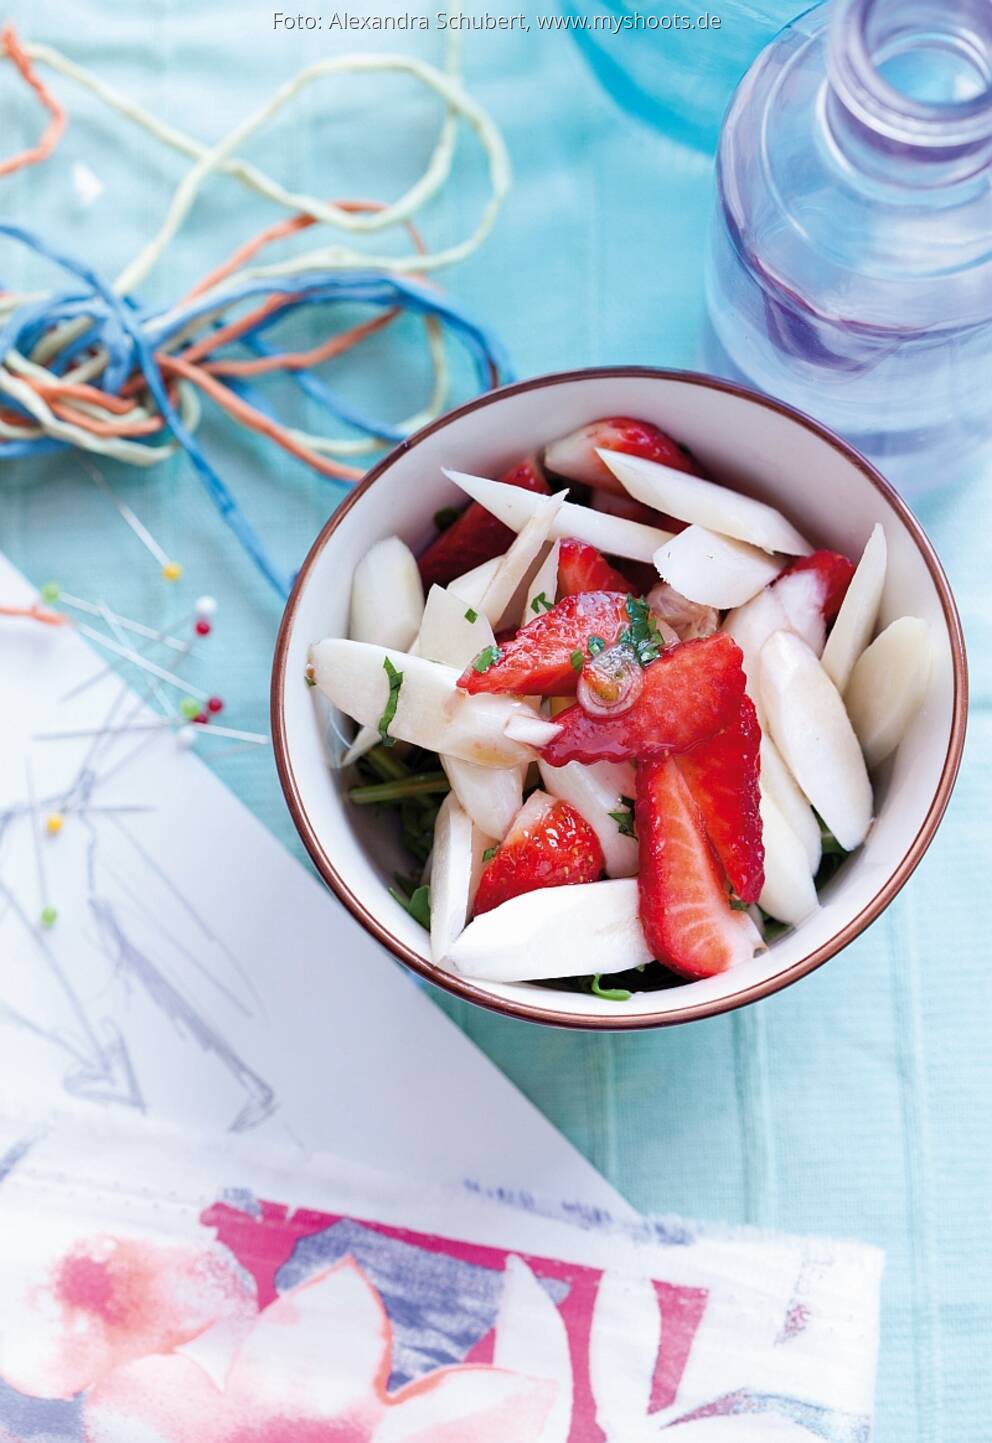 Spargel-Erdbeer-Salat mit grünem Pfeffer von Roland Rauter
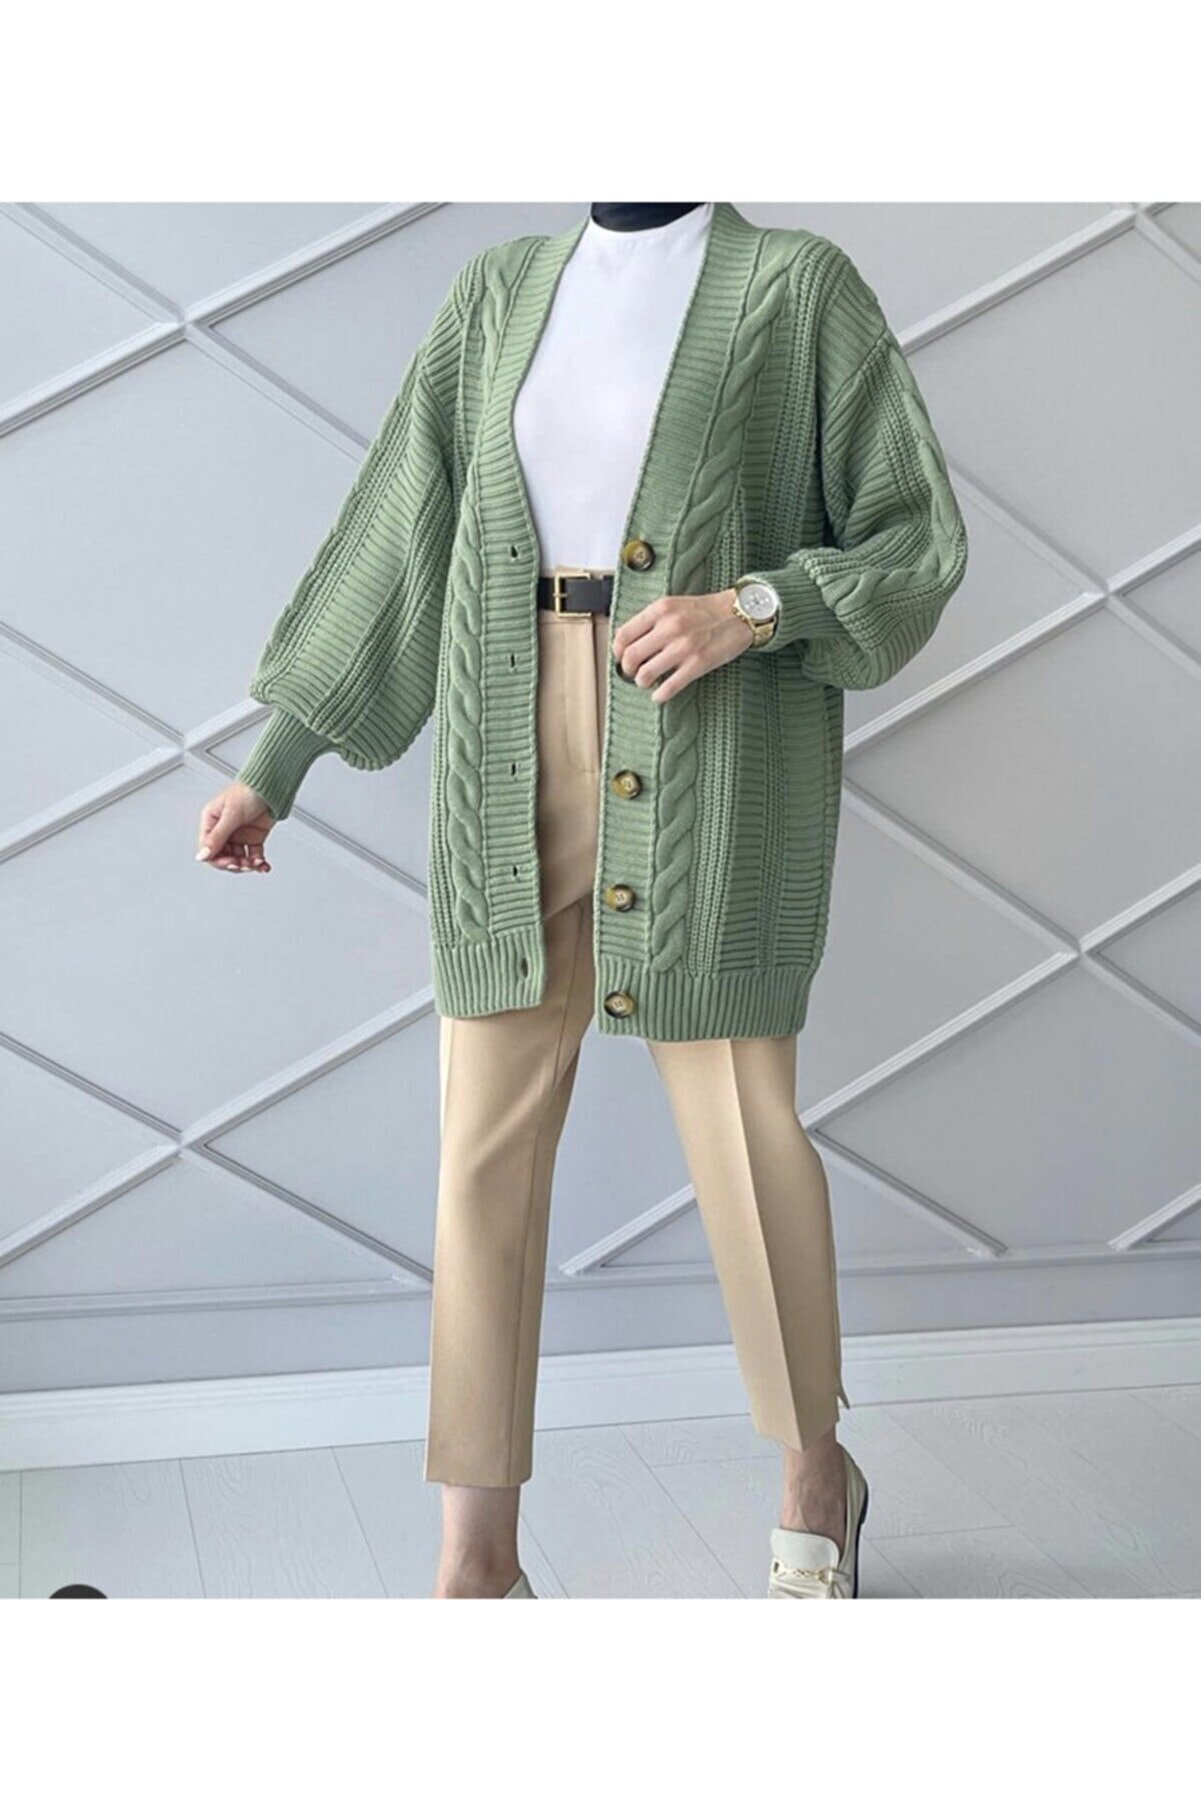 Papatya Giyim İzmit Kadın Mint Yeşili Kışlık Triko Hırka
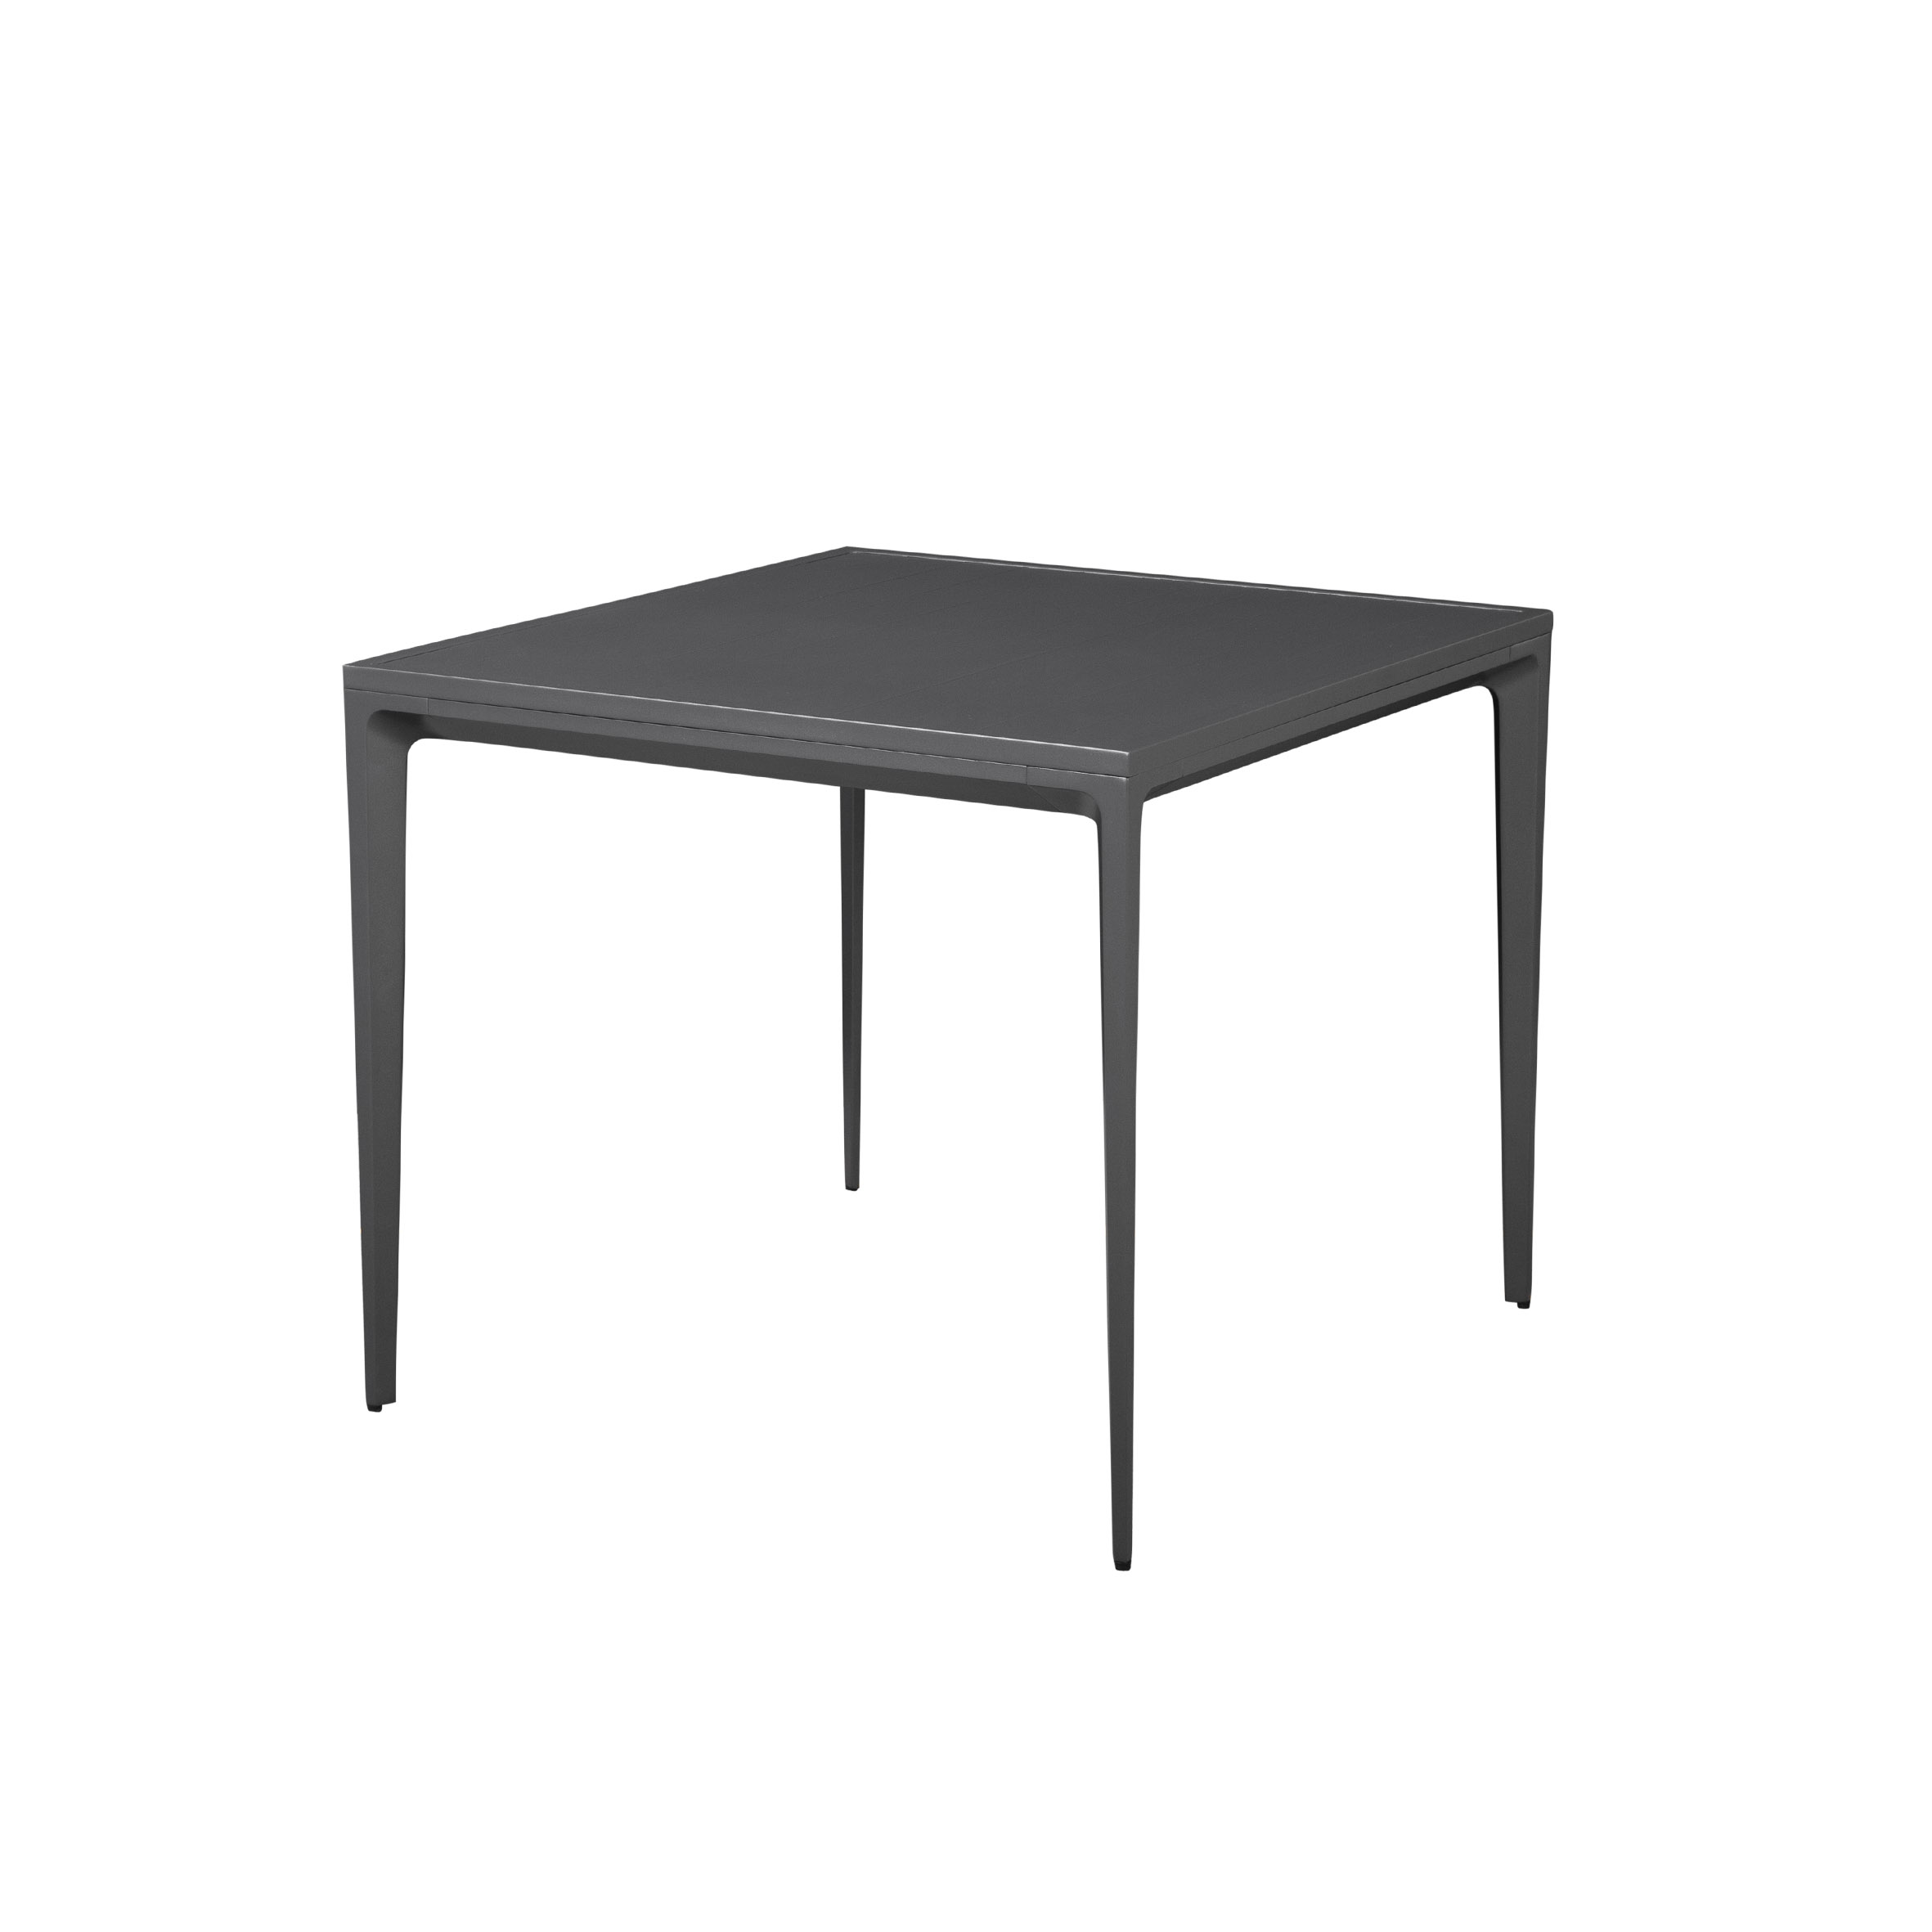 Жасмин алу.квадратный стол (с алюминиевой планкой) Избранное изображение

* _Work order_:
I would like the data above transcribed exactly, with its pictures left out.

* _The completed task_:
 Spargel-Erdbeer-Salat mit grünem Pfeffer von Roland Rauter
 Papatya Giyim İzmit Kadın Mint Yeşili Kışlık Triko Hırka
 Жасмин алу.квадратный стол (с алюминиевой планкой) Избранное изображение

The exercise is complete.